Studio album by Lulu
- Released: 21 May 2002
- Genre: Pop
- Label: Mercury
- Producer: Bill Padley

Lulu chronology
| Independence (1993) | Together (2002) | The Greatest Hits (2003) |

= Together (Lulu album) =

Together is a 2002 album recorded by Scottish pop star Lulu as an album of duets with various artists, including Elton John, Paul McCartney, Joe Cocker, Cliff Richard, Westlife and Ronan Keating, amongst others.

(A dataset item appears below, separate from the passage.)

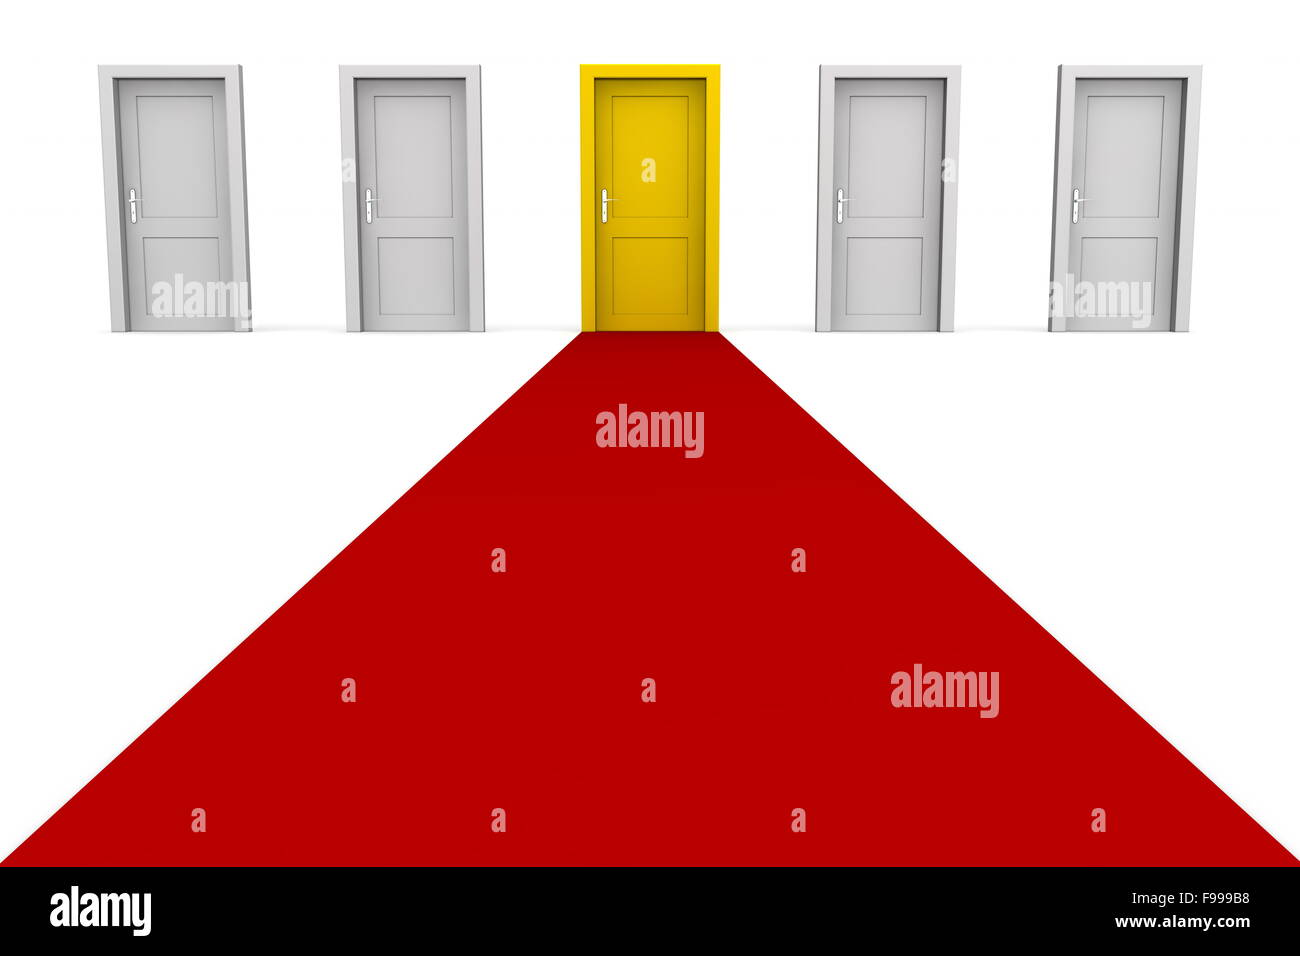 Cinq portes et un tapis rouge - jaune Photo Stock

The album reached No. 4 in the UK Albums Chart and was certified Gold by the BPI.

==Track listing==
1. "Teardrops" with Elton John (Cecil Womack, Linda Womack) – 4:48
2. "Shame Shame Shame" with Atomic Kitten (Sylvia Robinson) – 3:27
3. "Inside Thing (Let 'Em In)" with Paul McCartney (Paul McCartney, Lukas Burton, Billy Lawrie, Lulu) – 4:48
4. "We've Got Tonight" with Ronan Keating (Bob Seger) – 3:40
5. "Sail On, Sailor" with Sting (Brian Wilson, Tandyn Almer, Ray Kennedy, Van Dyke Parks, Jack Rieley) – 3:27
6. "Back at One" with Westlife (Brian McKnight) – 4:11
7. "To Sir, with Love" with Samantha Mumba (Donald Black, Mark London) – 2:57
8. "With You I'm Born Again" with Marti Pellow (Carol Connors, David Shire) – 3:37
9. "The Prayer" with Russell Watson (Bayer, Foster) – 4:32
10. "Reunited" with Cliff Richard (Dino Fekaris, Freddie Perren) – 4:03
11. "I'm Back for More" with Bobby Womack (Ken Stover) – 5:08
12. "Now That the Magic Has Gone" with Joe Cocker (John Miles) – 5:01
13. "Phunk Phoolin" with Kerphunk (Adlam, Mel London, Rev. C.L. Moore) – 3:43
14. "Relight My Fire" with Take That (Dan Hartman) – 4:09

==Certifications==

| Region | Certification | Certified units/sales |
| United Kingdom (BPI) | Gold | 100,000^{^} |
^{^} Shipments figures based on certification alone.